Trois représentants de la filière entrent comme membres du bureau de l’IFV : le président des interprofessions (Cniv) Jean-Marie Barillière, le président des appellations viticoles (Cnaoc) Bernard Farges et le président du conseil spécialisé viticole de FranceAgriMer Jérôme Despey. En plus de ces trois représentants de la filière au niveau national, le nouveau bureau comprend David Amblevert, président de la FFPV (Fédération française de la pépinière viticole), Bernard Artigue, président de la Chambre d’agriculture de la Gironde, et Denis Velut, membre du conseil d’administration du Syndicat général des vignerons de la Champagne.

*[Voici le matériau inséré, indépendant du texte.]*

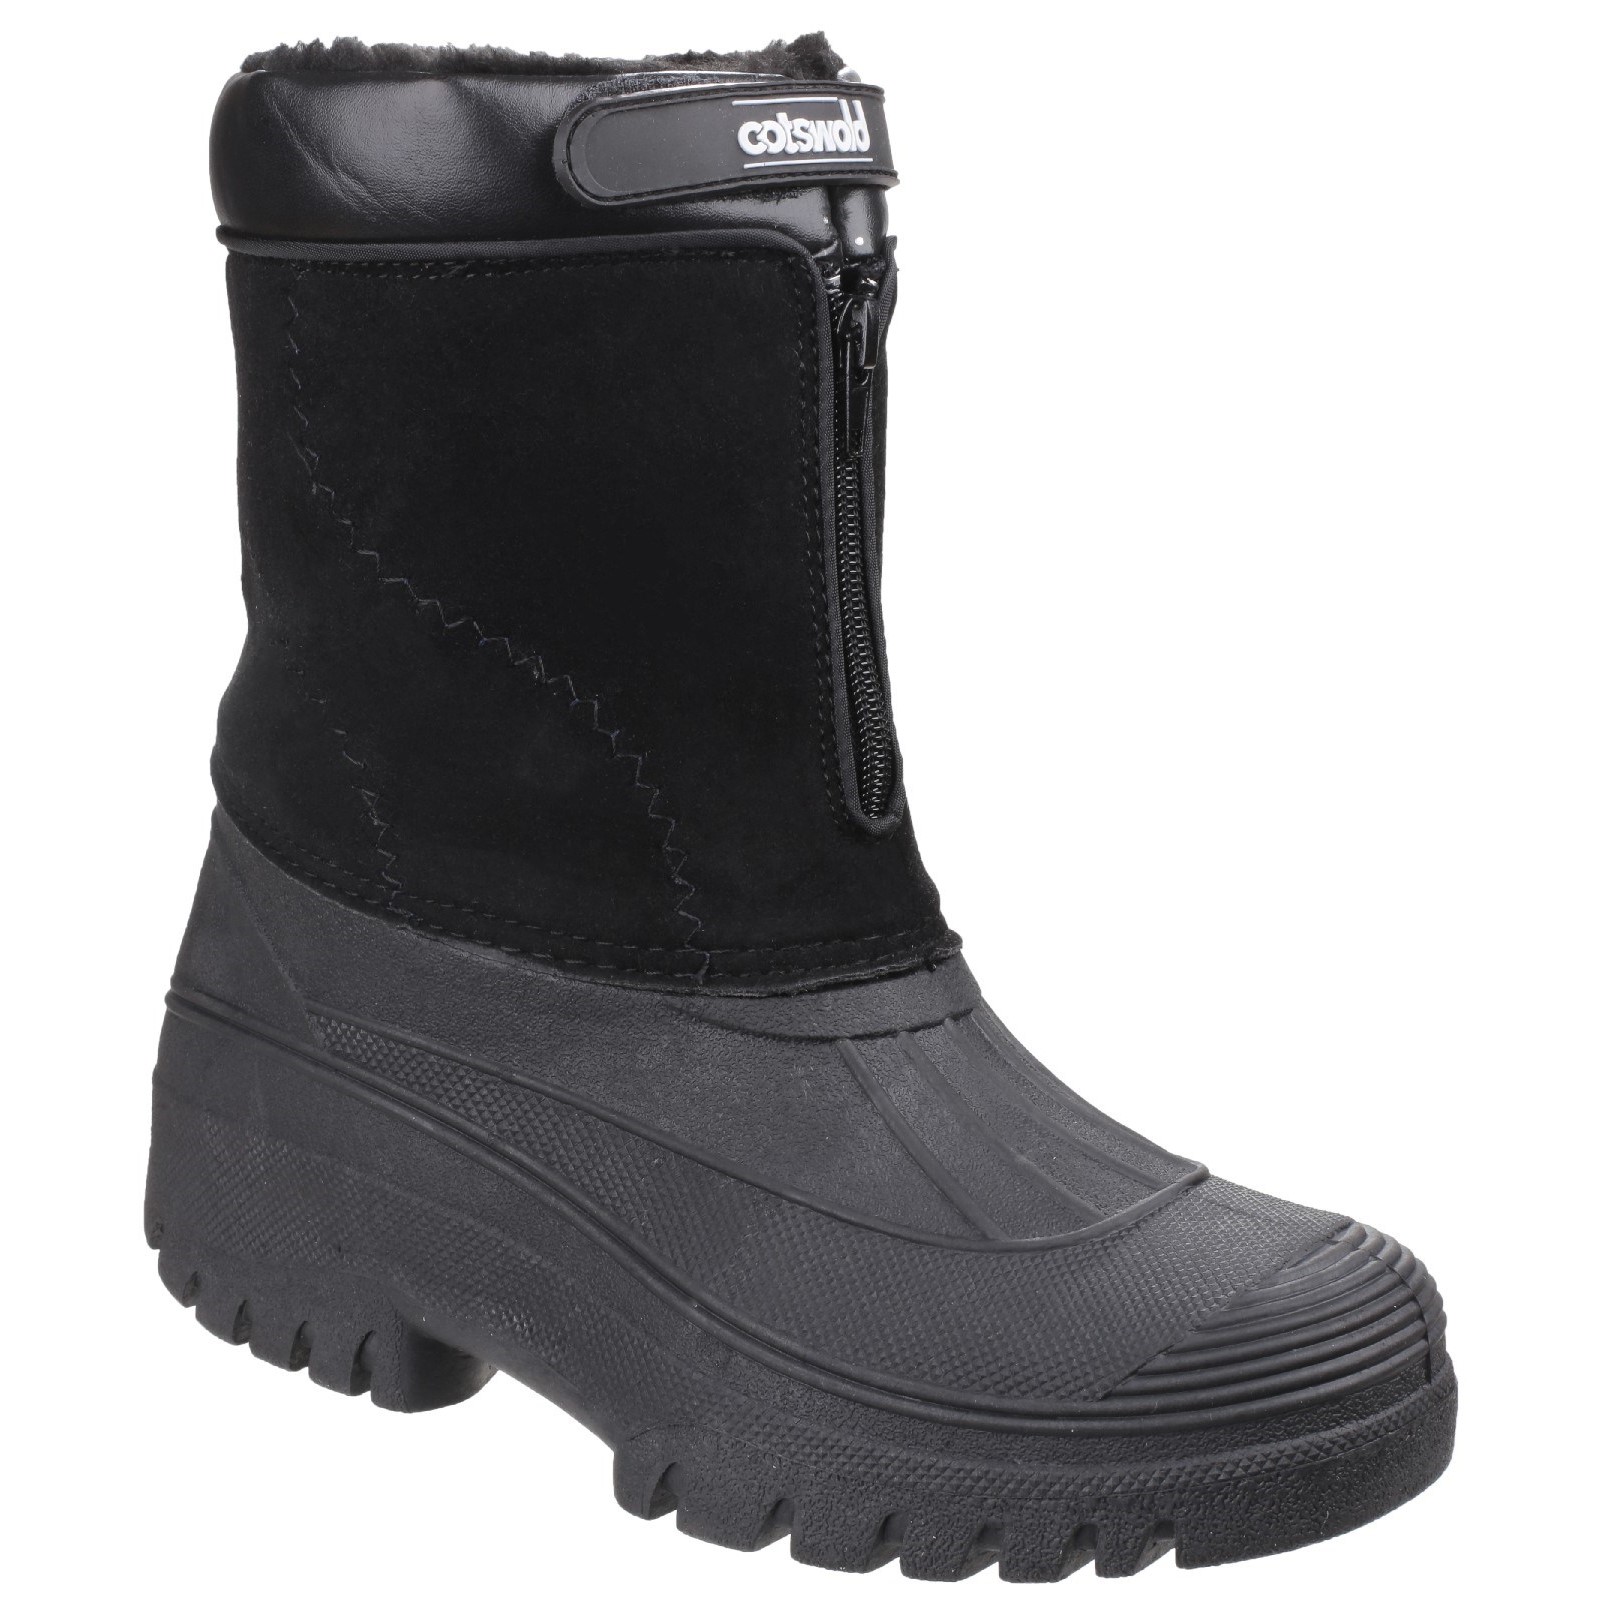 Venture Waterproof Winter Boot

Trois vice-présidents ont été élus : Jean-Marie Barillière, Bernard Farges et Bernard Artigue. Stéphane Le Foll était venu assister à la désignation du nouveau bureau

L’IFV a élu un nouveau président ce 10 janvier : Bernard Angelras, président de l’ODG (organisme de défense et de gestion) Costières de Nîmes et membre du conseil d’administration de l’interprofession régionale Inter Rhône. Il succède à Bernard Nadal, viticulteur au Pic Saint Loup, qui était en poste depuis 2004.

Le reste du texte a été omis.